Fig 1 shows the numbers (%) of referred children, with completed data, numbers (%) eventually diagnosed with autism and numbers (%) with evidence of additional neurodivergence.

https://doi.org/10.1371/journal.pone.0296077.g001

Of all records examined, 78.9% met the diagnostic criteria for autism and were given a diagnosis. Younger children were significantly more likely to be diagnosed with autism than their older peers (p = 0.028).

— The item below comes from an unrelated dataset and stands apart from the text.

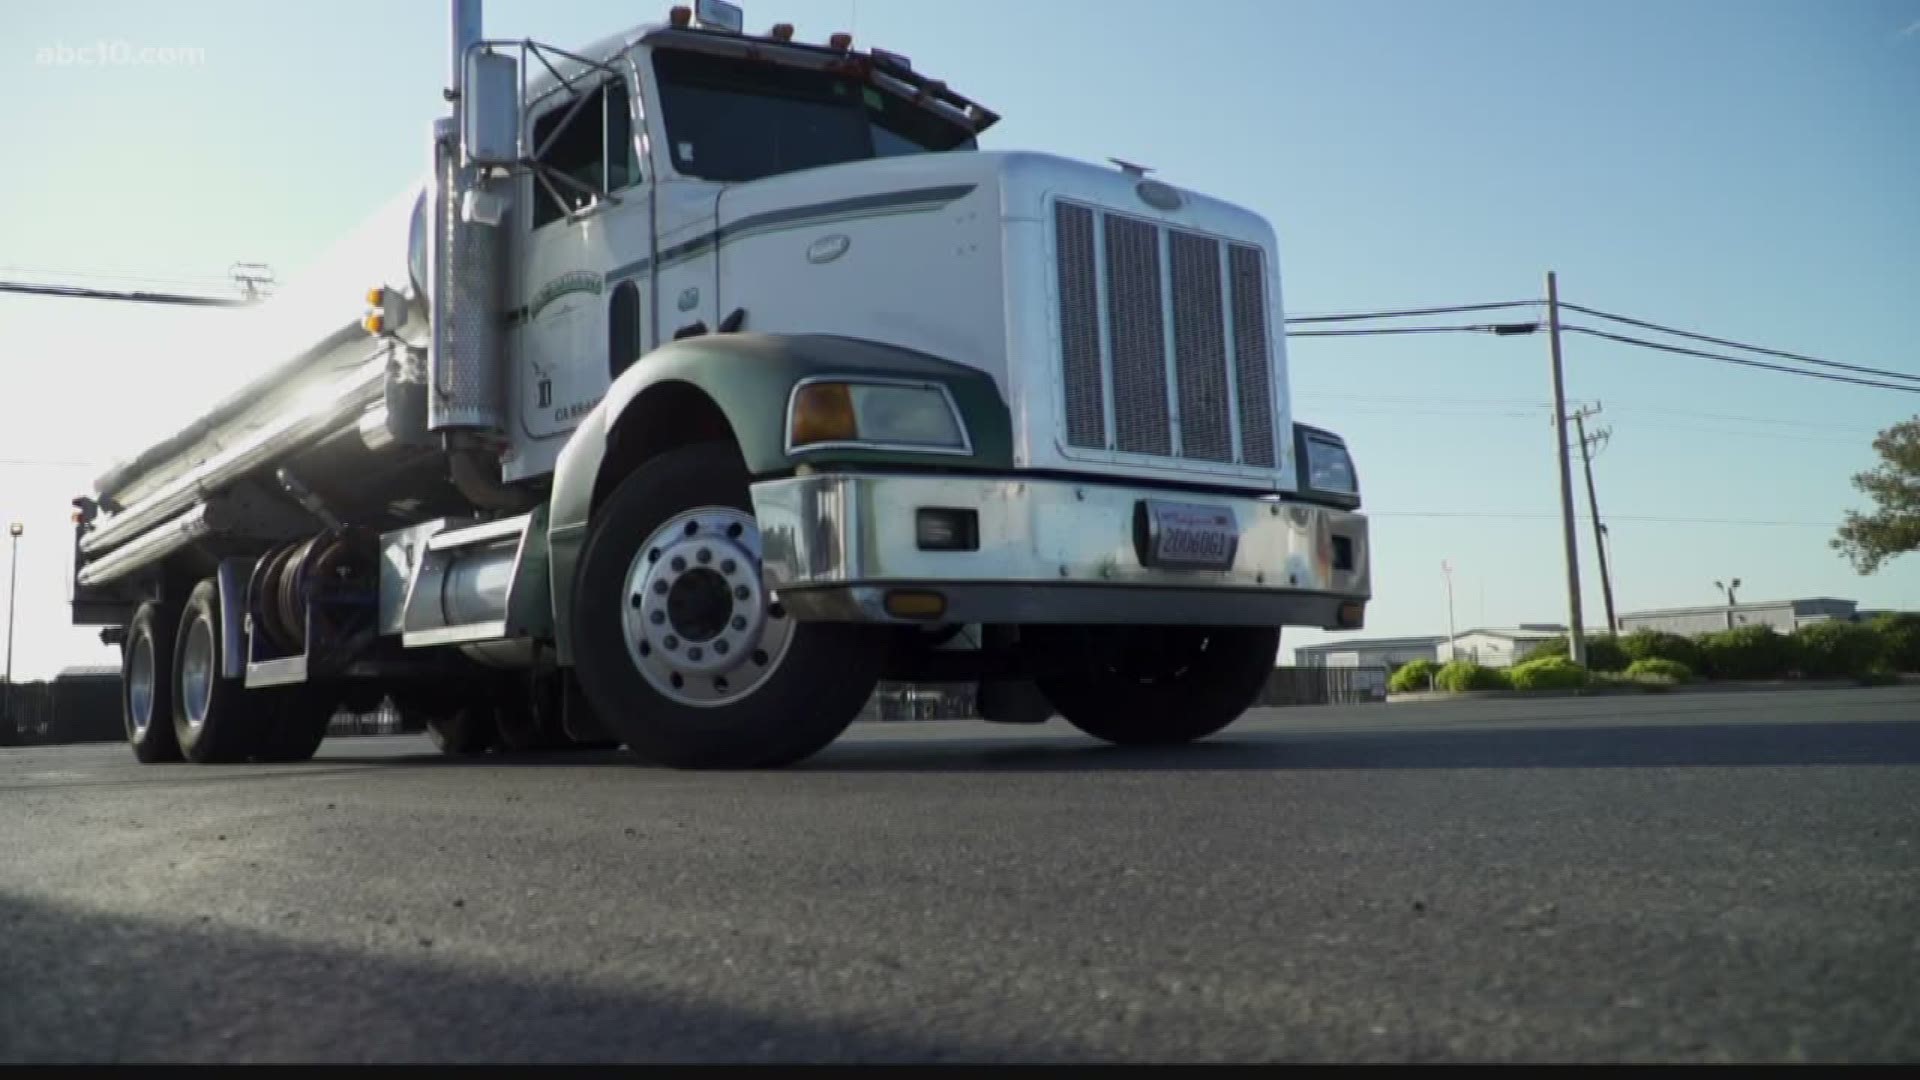 Sacramento Valley law enforcement announced a partnership Tuesday with the California Trucking Association to stop human trafficking.
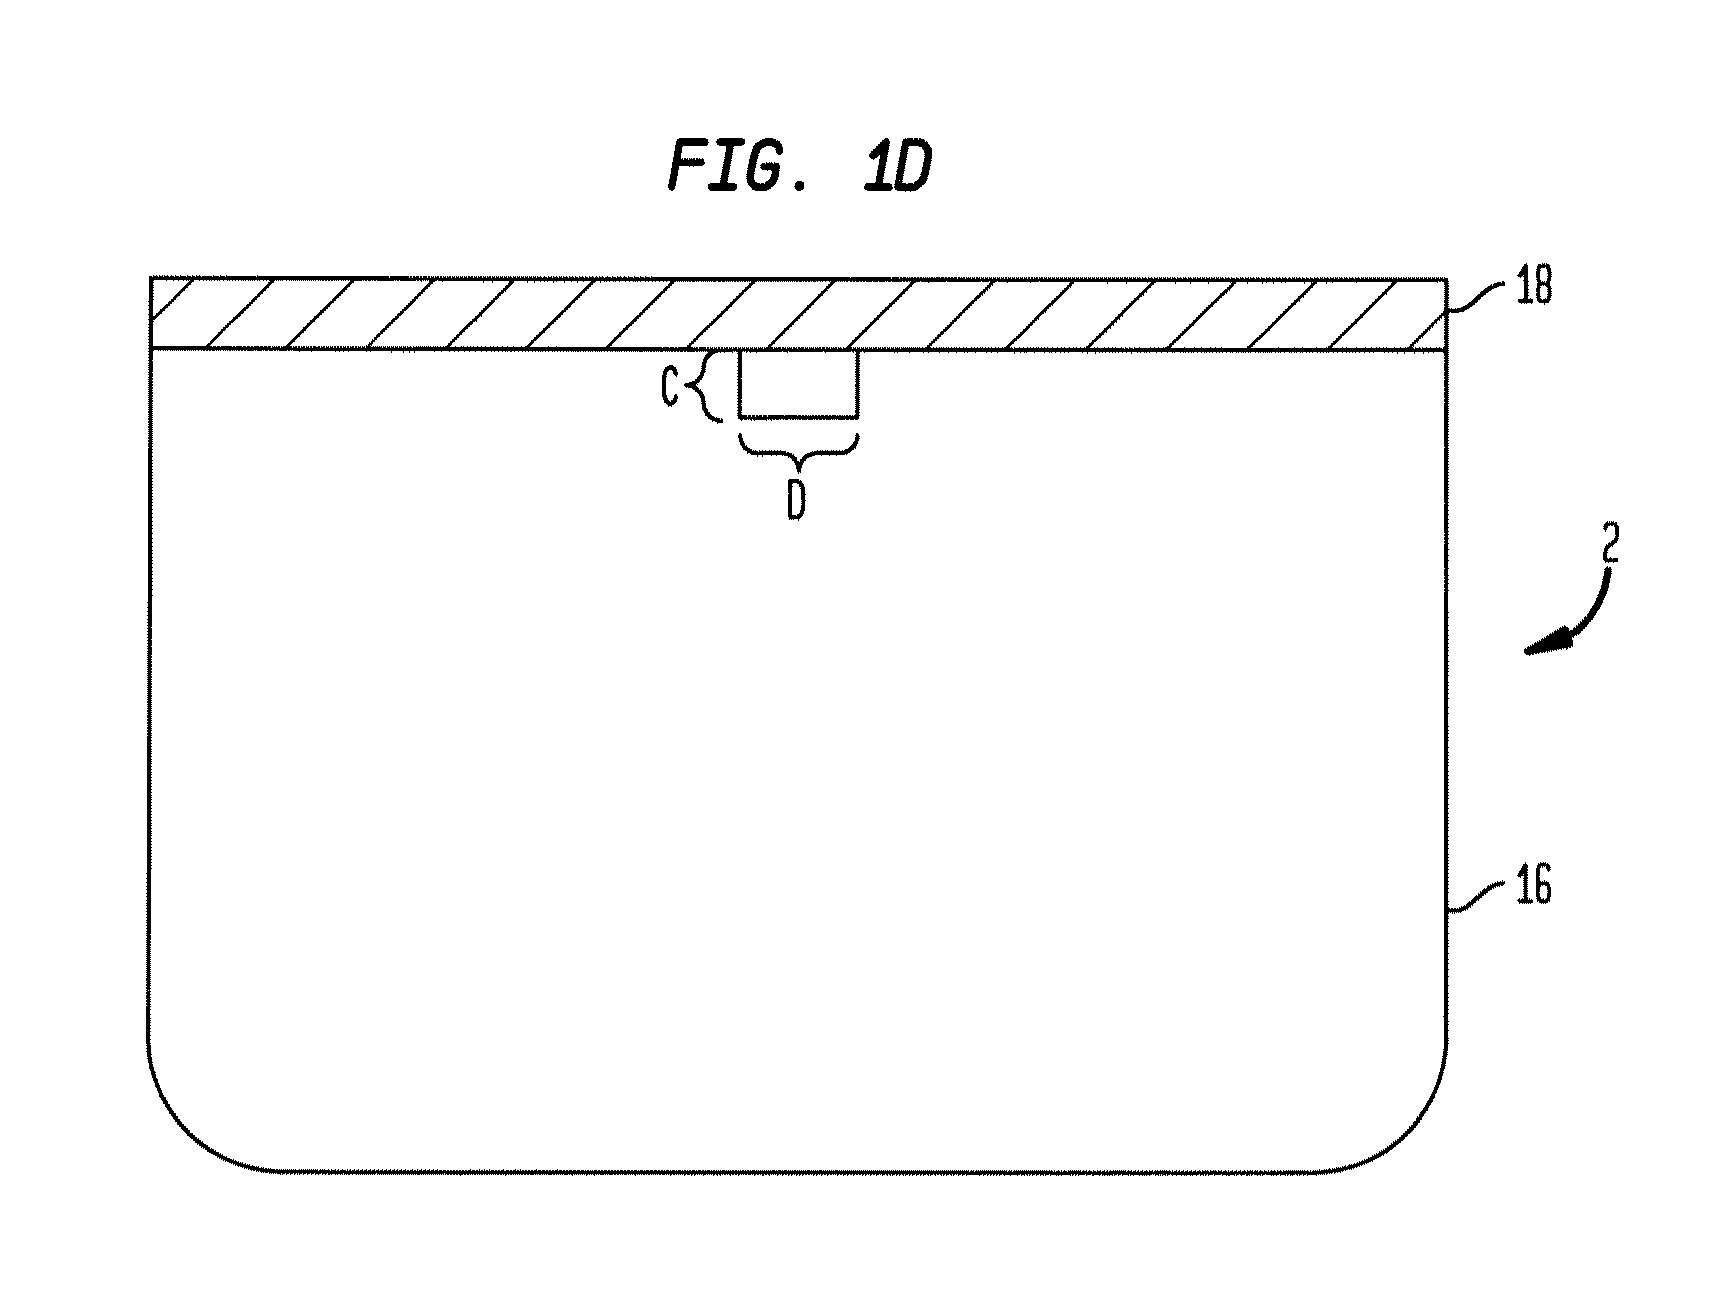 Magnetic bead separation apparatus and method

In total 62.3% (n = 71) of participants had completed FTF or FTF-T questionnaires available for analysis in their case notes. There was no statistical difference between the with-questionnaire and without-questionnaire groups in terms of recorded demographics. Of the with-questionnaires group, 88.7% (n = 64) of children with a completed questionnaire attracted a clinical diagnosis of autism and 71.8% (n = 51) had scores greater than the median in at least one additional neurotype group. The percentage of children with one or more indicated neurotypes was highest in the two-to-five-year age group although this may have been an effect of sex.

Of the children who attracted a diagnosis of autism and had a completed questionnaire (n = 63), 76.2% (n = 48) had questionnaire evidence of one or more additional neurotypes (see Fig 2): 55.6% (n = 35) had evidence of a possible ADHD-like neurotype; 52.4% (n = 33) had indications or a neurotype on the motor domain; and 36.5% (n = 23) had indications of a possible learning difficulty or disability. As can be seen from Fig 2, these additional neurotypes overlapped with each other as well as with autism.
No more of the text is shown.